I recently built a URL forward service named “Link Forwarder” using .NET Core 2.2. It’s open source and currently having a preview version deployed to my subdomain “go.edi.wang”. This article will share how I built it and what I learned.
To help you understand the system and walk through the code, please check my GitHub repository for this project: https://github.com/EdiWang/LinkForwarder
The Problem
Resources on the internet can sometimes change their URLs. For example, when I created my website 10 years ago, a typical blog post URL was like “https://myolddomain.net/viewarticle.aspx?id=123”. Some friends of mine then referenced my post on their website or sent the URL to another person.

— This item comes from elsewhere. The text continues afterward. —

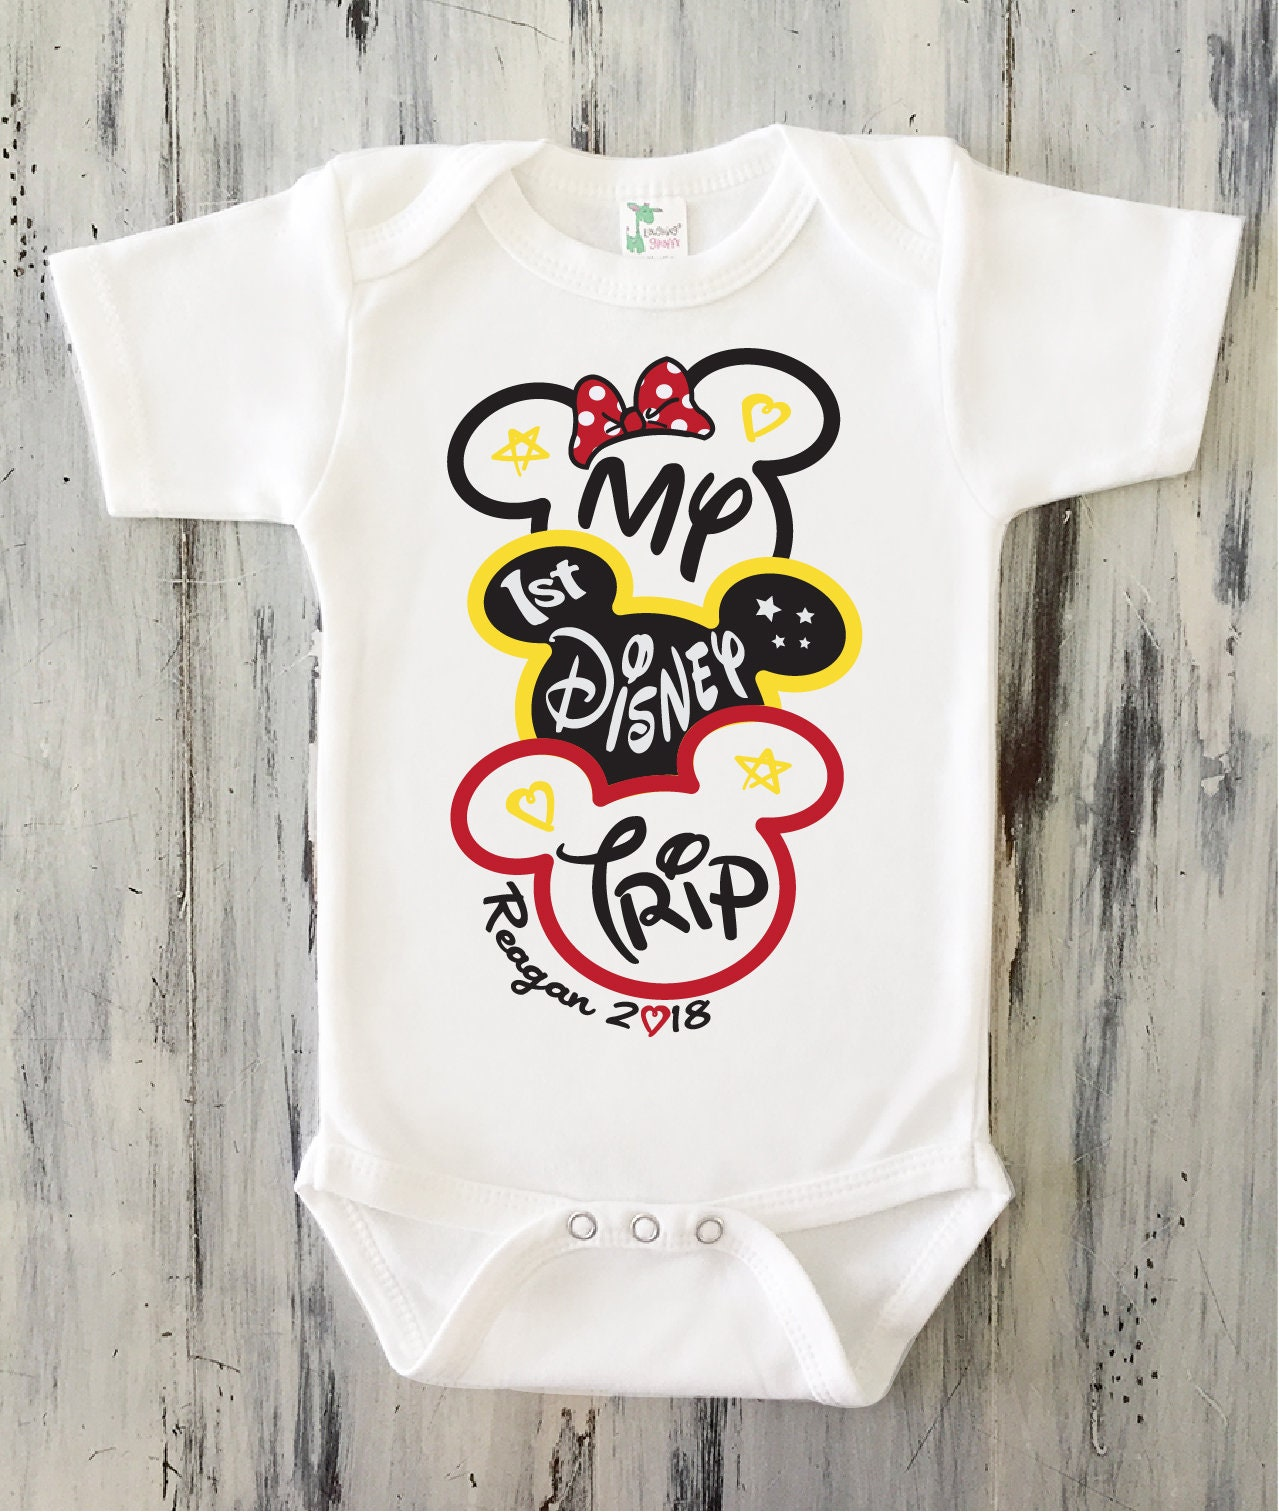 Girl Baby/'s First Disney Trip Bodysuit or T-Shirt

After a few years, I got a new domain and launched a new blog system that completely changed the URL of that blog post to “https://edi.wang/post/2009/1/1/an-old-article”, which makes any old URLs obsolete, so any existing links that pointed to my blog a few years ago will fail. My blog makes no money, so it’s OK.
But this problem can happen to an enterprise’s products, especially for those client-side systems and applications. If you put a support link into your product that installed on client computers, and someday the link changed, you will have to push updates to all your clients just for changing that link.
To solve this problem, I would like to follow the example of Microsoft. What Microsoft did is that it created “go.microsoft.com” to use a static ID that can never change to redirect to the actual URL that can change over time. For example, https://go.microsoft.com/fwlink/?linkid=2049807 is pointing to the help document of the new Chromium-based Edge browser, whose current URL is https://microsoftedgesupport.microsoft.com/hc/en-us. If the document’s URL changes over time, Edge doesn’t have to change its built-in help link. Microsoft only needs to update its database to change the target URL of link ID 2049807. This “go.microsoft.com” service is everywhere across Microsoft products.
This is the basic idea of Link Forwarder.
Basic Workflow
An administrator creates a token URL (e.g. https://go.edi.wang/fw/e66fad1e) for a valid URL. (e.g. https://www.some-website.com/1234/abcd/1.html). Then, users can redirect to the original URL with a generated token URL. And by each successful redirection, the user’s browser UA and IP address will be recorded, so that the Administrator can view and get insights from the report.
Figure: Report
Figure: Create/Edit Link
Figure: Share Link
Not a URL Shortener
Link Forwarder is like, but not a URL shortener. The key differences are:
- URL shortener’s goal is creating URL as short as possible, usually deployed to a very short domain name. Link Forwarder doesn’t care if it’s deployed to a long domain name.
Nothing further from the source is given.